Vertigo falls into one of two categories: central and peripheral vertigo. A neurological problem causes central vertigo, whereas peripheral vertigo is attributed to the inner ear. 

Benign paroxysmal positional vertigo is one of the most common diagnoses that people receive when experiencing vertigo symptoms. Related to inner ear function, most people with this diagnosis experience dizziness when they rapidly change positions.

Neurological changes – such as a stroke or brain tumor – can also cause vertigo, but this is not common, and vertigo alone is typically not sufficient cause to believe an individual has experienced a dangerous neurological event.

If you’re someone who uses cannabis, then you may be wondering… Can weed cause vertigo? The answer to this question is complicated.
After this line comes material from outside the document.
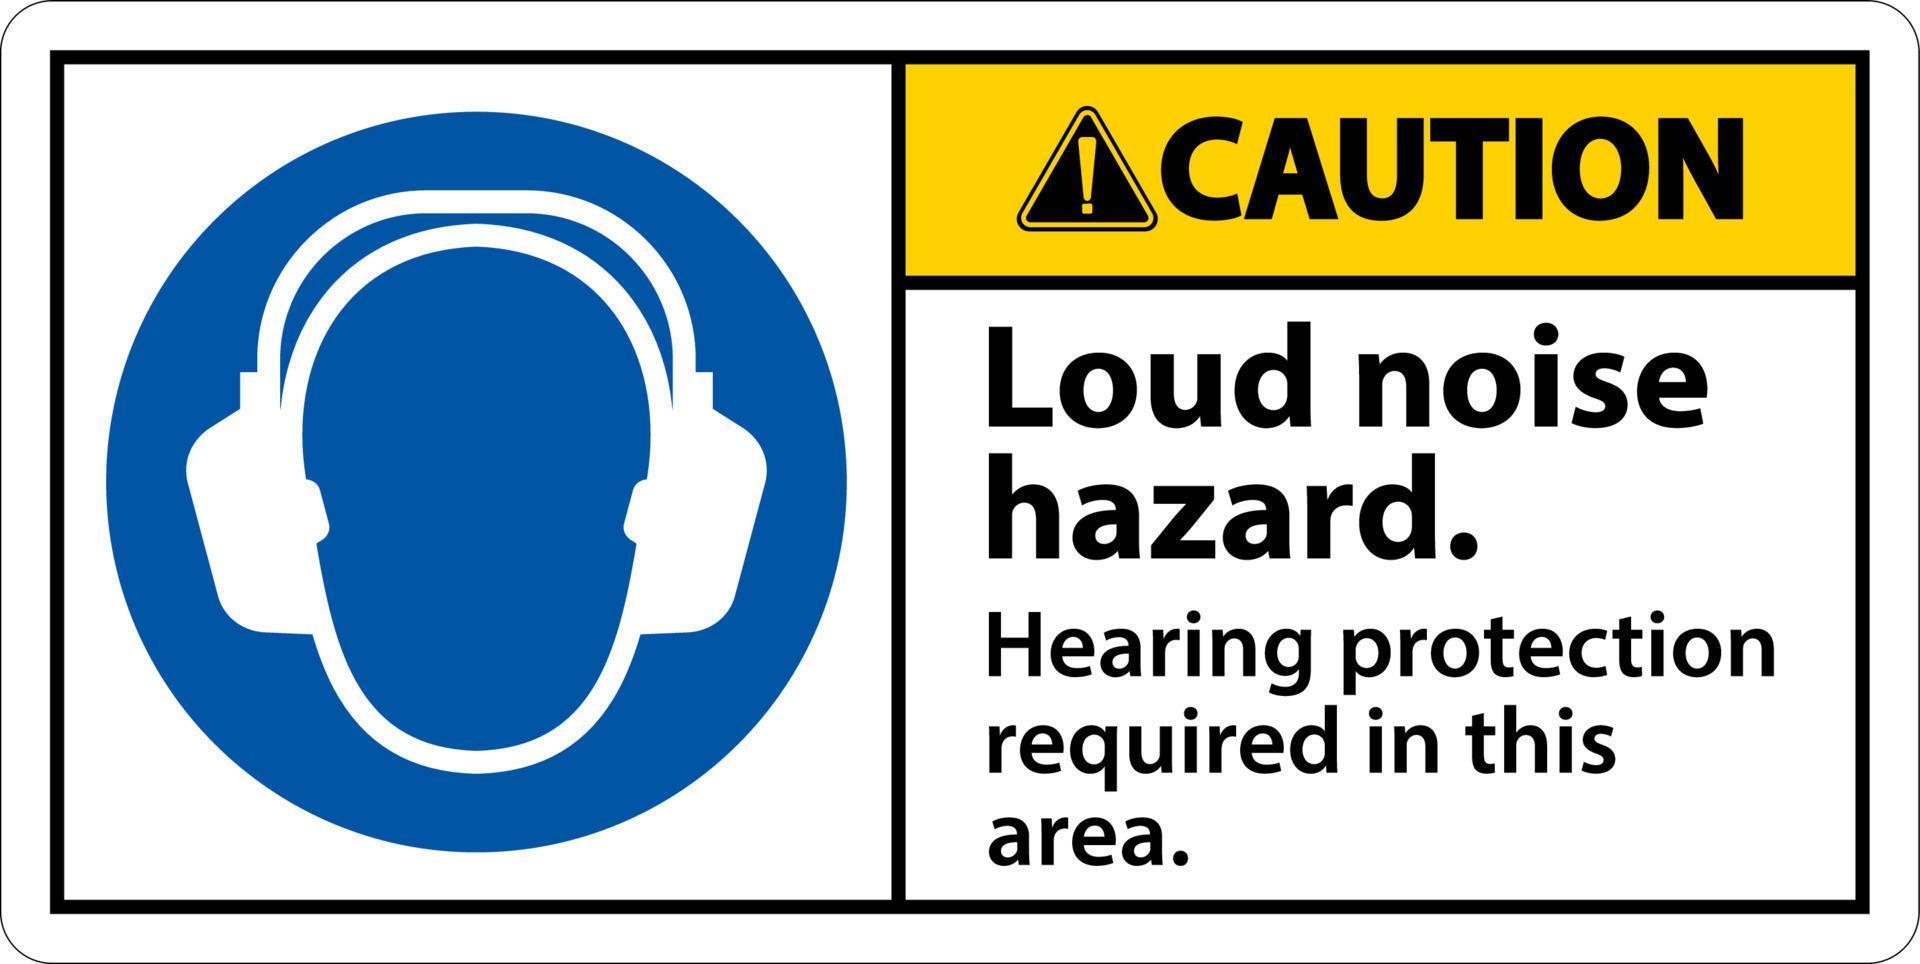 Caution Hearing Protection Required Sign On White Background vector

There isn’t yet enough research to confirm a link between cannabis use and vertigo. However, many people do report that dizziness and a loss of balance can result from cannabis use. This suggests that the feeling of vertigo can be induced by cannabis. In order for a clear answer to be found, more research needs to be conducted to understand how cannabis interacts with the vestibular system.

Vertigo Signs & Symptoms

It’s typically quite simple to tell if you’re experiencing vertigo. Many people describe vertigo as a feeling similar to motion sickness, and it can result in similar symptoms:

  • Feeling as if the environment is spinning
  • Dizziness
  • Loss of balance
  • Nausea
  • Vomiting
  • Ringing in the ears

If you’re experiencing these symptoms, consider reaching out to a doctor. Vertigo can be symptomatic of both minor and severe conditions, so it’s best to get a medical opinion. Additionally, these symptoms can also result from other conditions.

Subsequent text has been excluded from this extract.